§ EXERCISE PROMPT: Every line from the one with "Original Vintage Travel" through the final line of the data below goes in the answer, copied exactly. Pictures do not.

(DATA EXTRACT Opens)

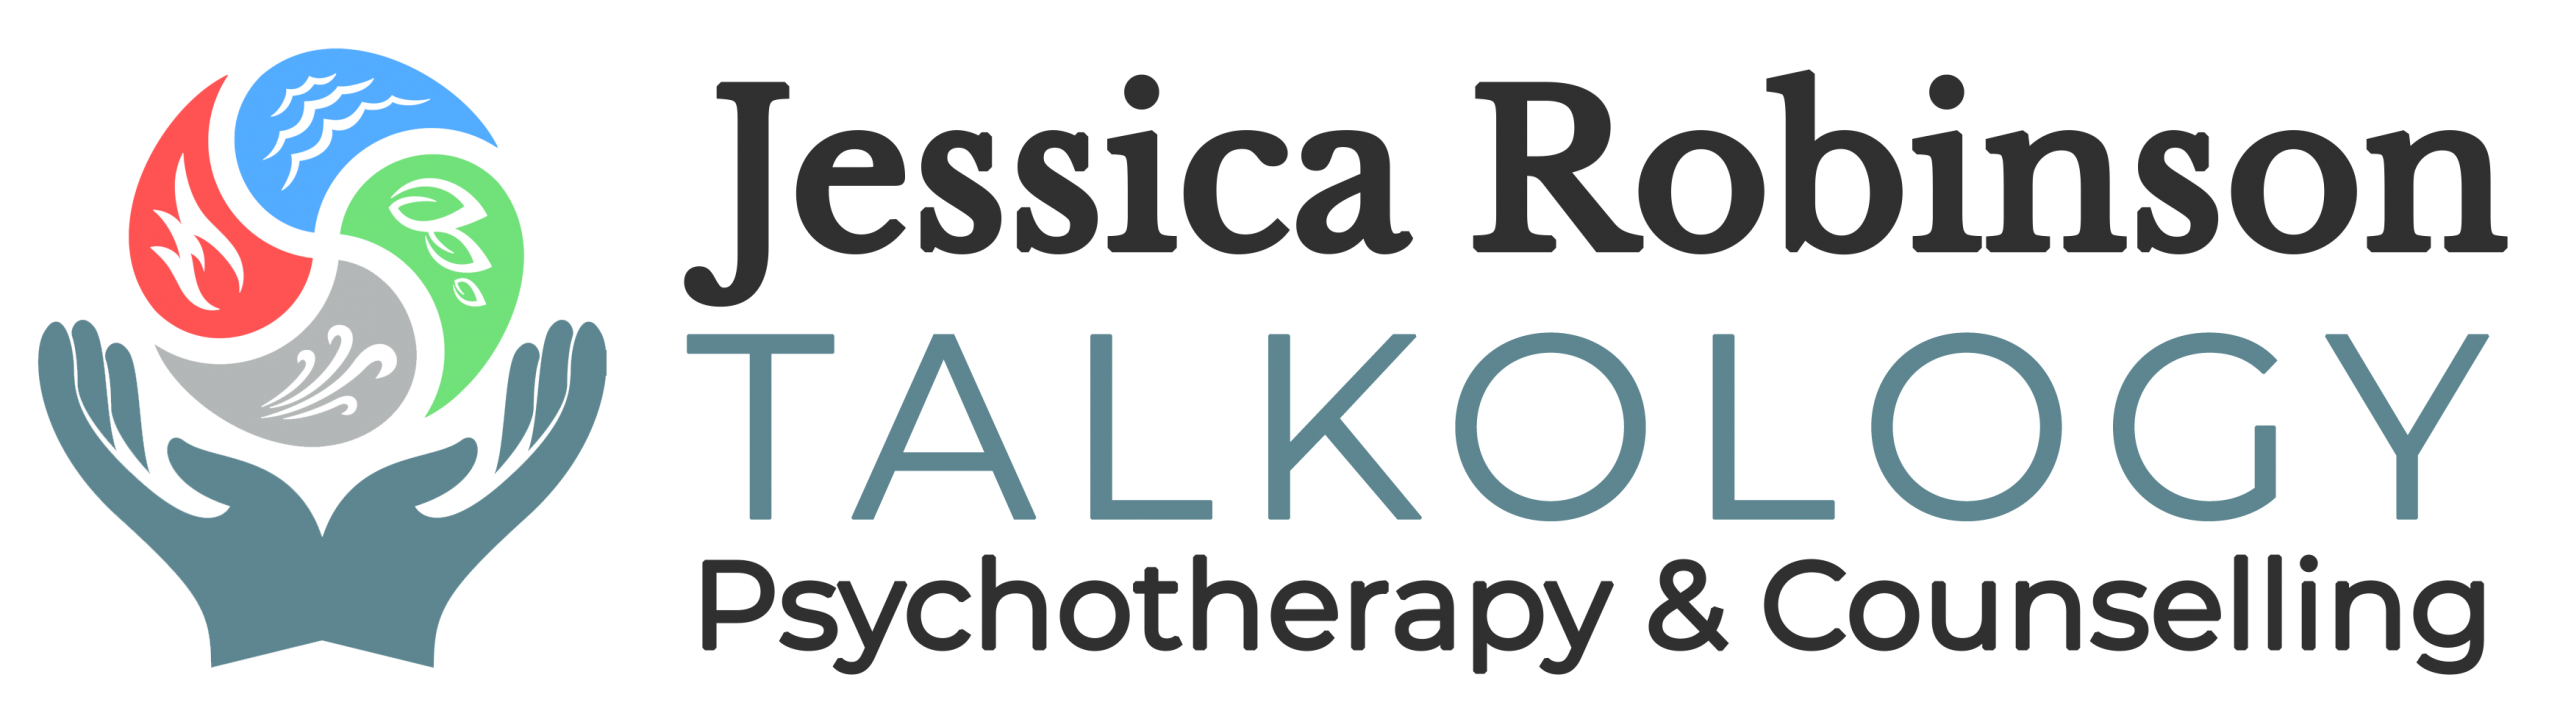 Jessica Robinson Talkology logo
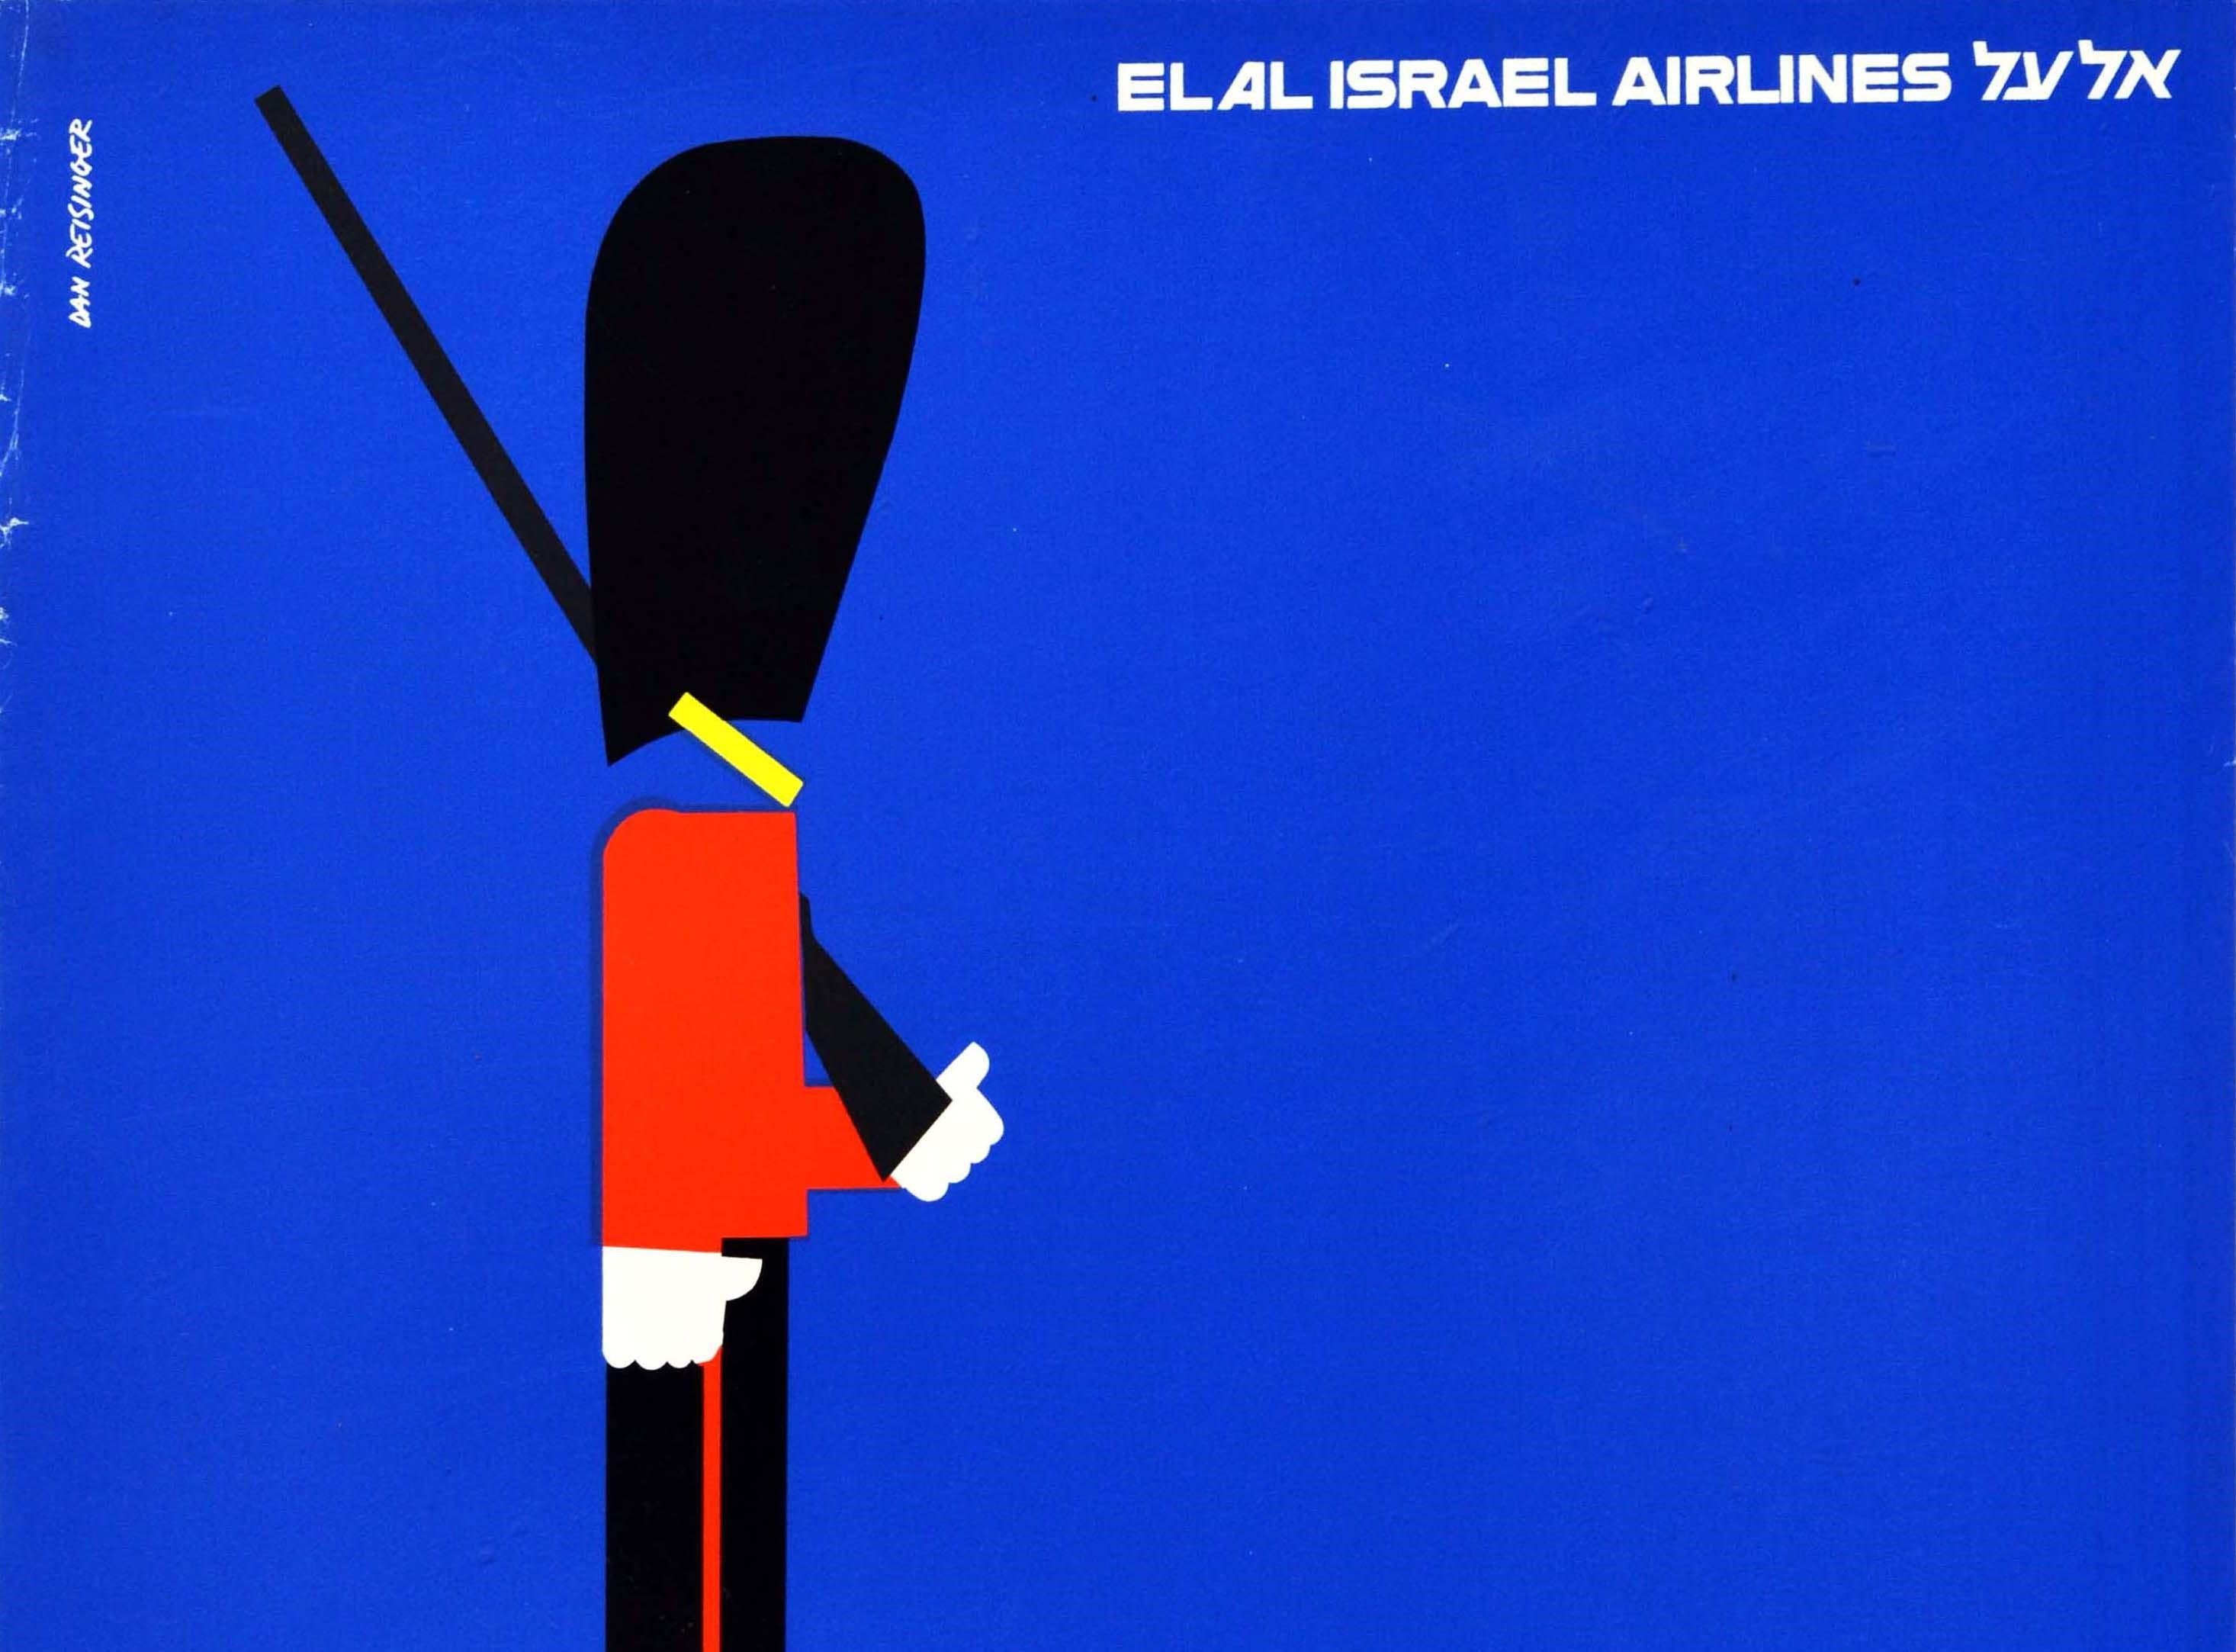 Original Vintage Travel Poster El Al Israel Airlines London England Royal Guard - Print by Dan Reisinger
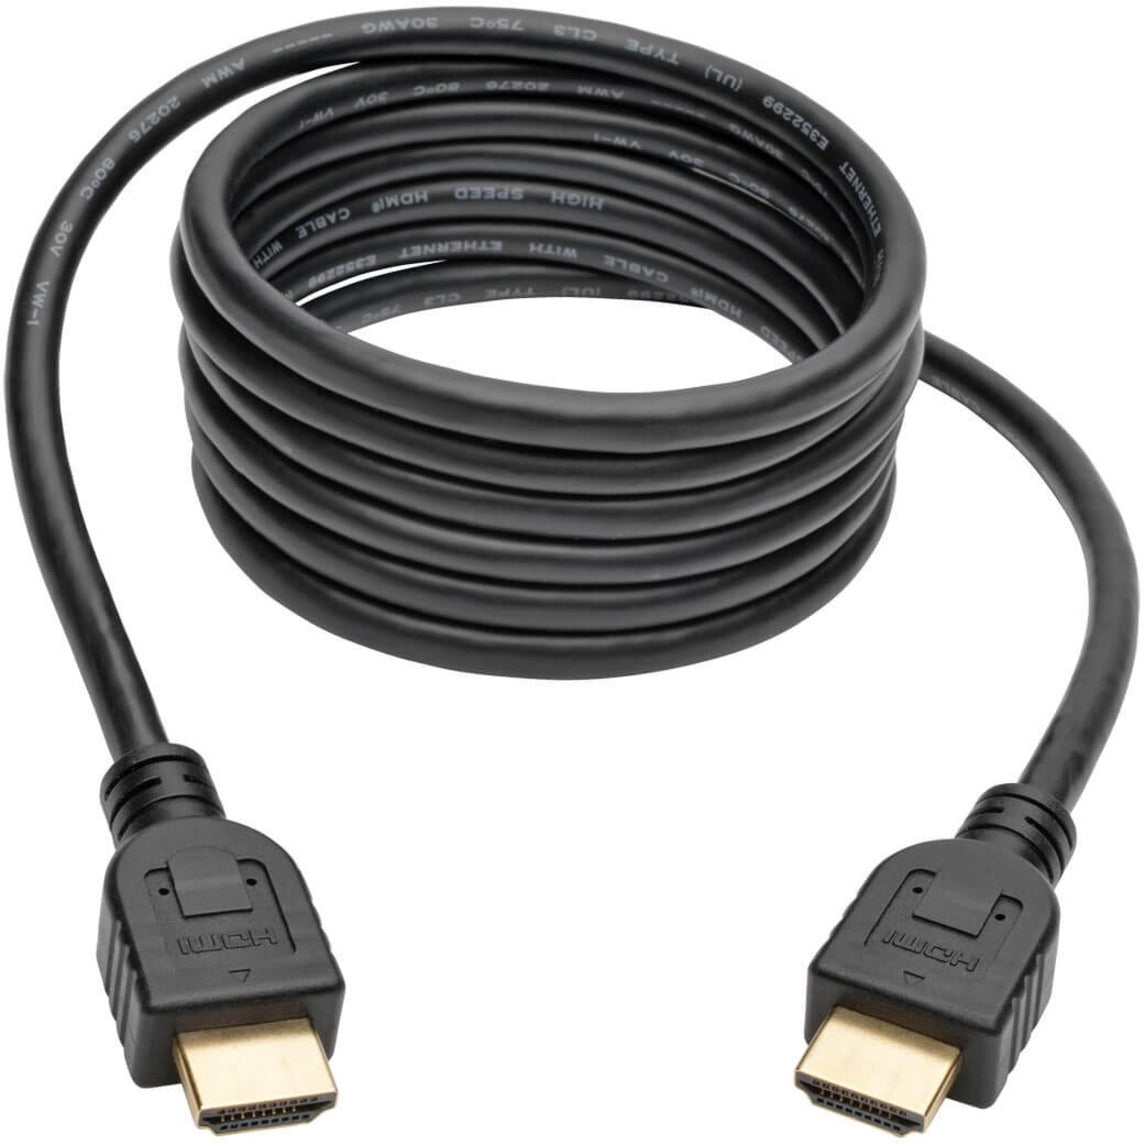 Tripp Lite P569-010-CL3 HDMI Audio/Video Cable, 10 ft, UHD 4K x 2K, Gold Plated, Lifetime Warranty

(DATA EXTRACT Closes)

§ TASK RESULT:
 Original Vintage Travel Poster El Al Israel Airlines London England Royal Guard - Print by Dan Reisinger
 Tripp Lite P569-010-CL3 HDMI Audio/Video Cable, 10 ft, UHD 4K x 2K, Gold Plated, Lifetime Warranty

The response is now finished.